London: Kegan, Paul, Trench & Co., 1885. Translated by W.W. Kettlewell. 303 pages. Read it via Google Books, Project Gutenberg, or HathiTrust.
Norwegian writer Alexander Kielland’s 1880 novel Garman and Worse begins in the rather idyllic setting of Bratvold, a small village on the rocky western coast of Norway, home to crab fishermen as well as a lighthouse where the rich trader and the politically connected shipowner Consul C.F. Garman has procured an easy, do-nothing posting for his dandyish brother Richard Garman, who has just returned from his years of study and misadventures in France with a little daughter, Madeleine. In this idyllic setting of Bratvold, Madeleine experiences an equally idyllic (and beautifully told) budding love with a common crab-fisherman’s son named Per. With the tacit approval of Madeleine’s father, Madeleine commits herself to a steady relationship with Per, though Richard Garman, aware of the situation and how serious the relationship is getting, and also aware of who he and Madeleine’s relatives are, decides “it’s bad enough as it is. I shall have to send her off to the town.”
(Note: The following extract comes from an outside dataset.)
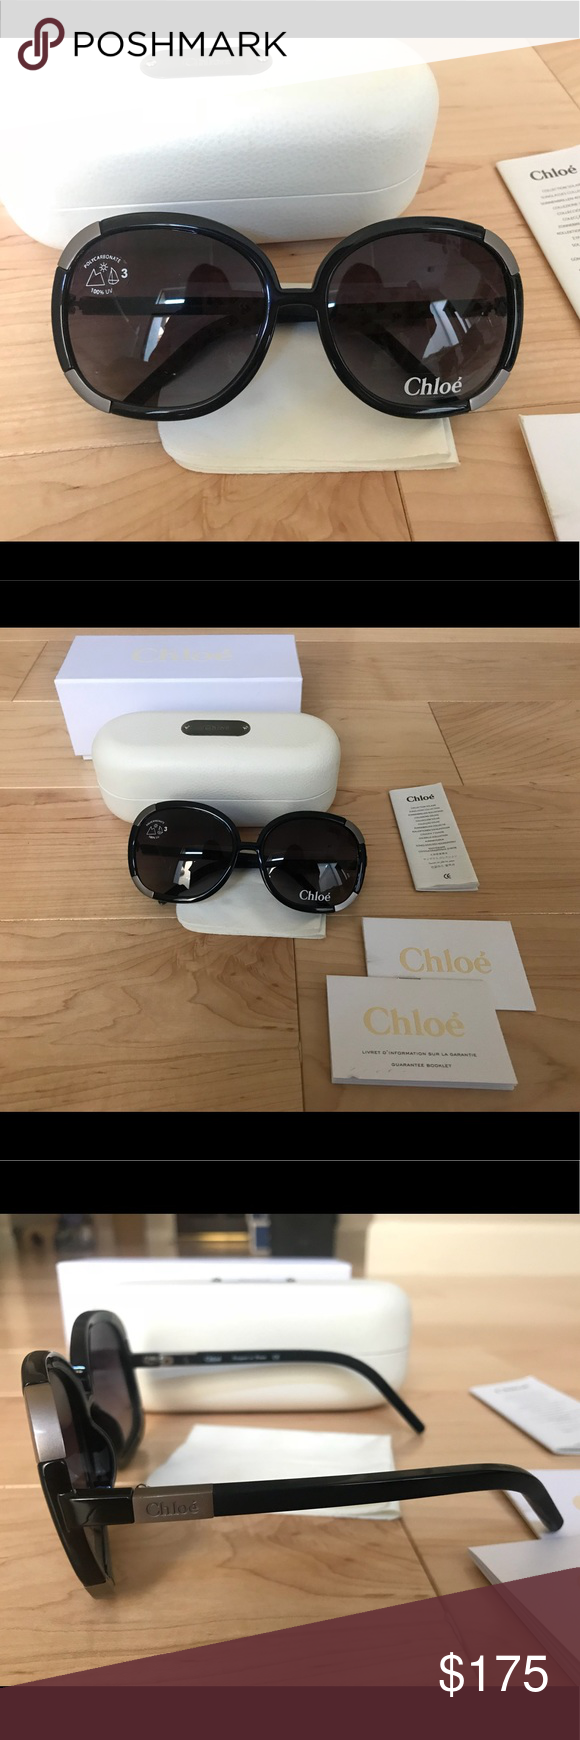 db2491f1b61a BRAND NEW Authentic Chloe Myrte Sunglasses Black Brand New Authentic Chloe  Myrte Sunglasses CL 2119 in
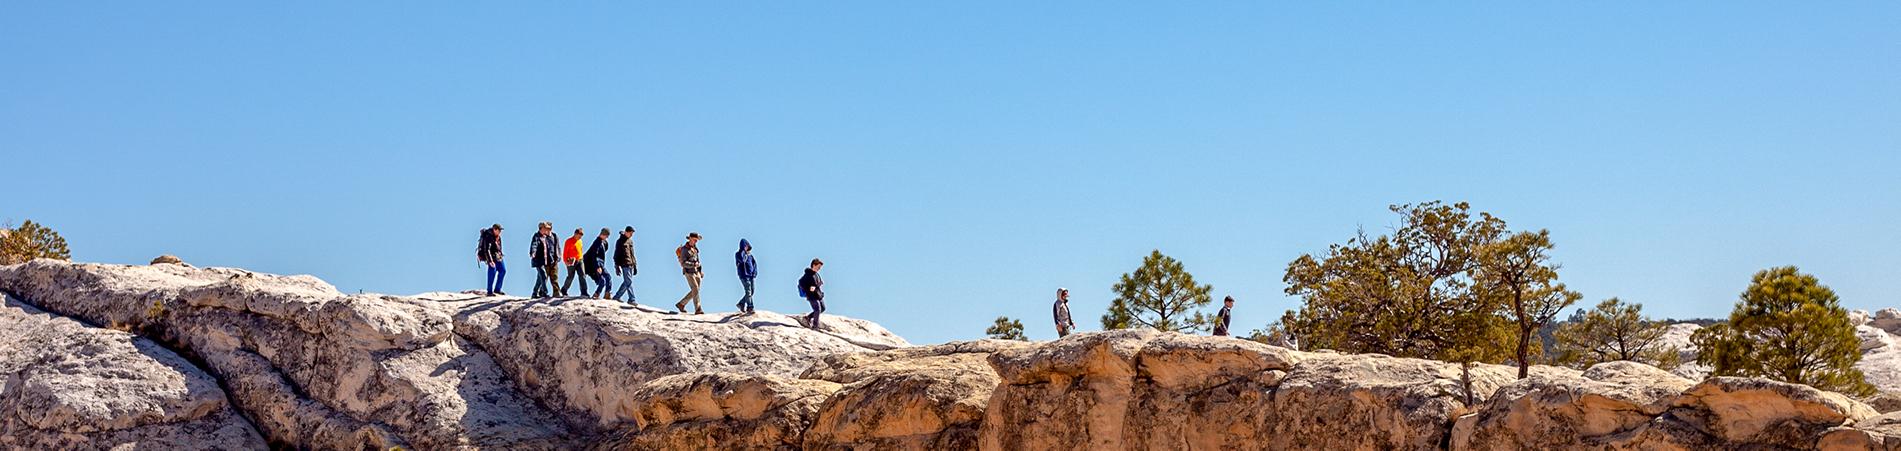 El Morro Hike

Despite Madeleine’s protestations, she is sent to live in the town of Sandsgaard, in the large house of her uncle, Consul Christian Frederick Garman, the paterfamilias of the Garman family and the head of a shipping empire inherited from his father Morton W. Garman and Garman’s less fortunate business partner, the Skipper Jacob Worse. (About whom Kielland later wrote a prequel to Garman and Worse, Skipper Worse.) When the action moves to Sandsgaard, the cast of characters gets broadened considerably. We are introduced to C.F. Garman’s younger son Gabriel Garman, a ne’er do well teenager who sees his Latin class as boring and pointless, and longs to ride the waves with the sailors working for his father such as the old drunk Anders Begman and the more worldly drunkard Tom Robson, who also happens to be the shipwright in charge of building C.F. Garman’s newest and largest ship, the intended pride of his fleet. We learn that the consul is at odds with his older son, Morton, who considers his father’s sailing ships outmoded and argues they should invest in steamers, and who his father in turn regards as a risk-taker who has gotten the company involved in bad speculations.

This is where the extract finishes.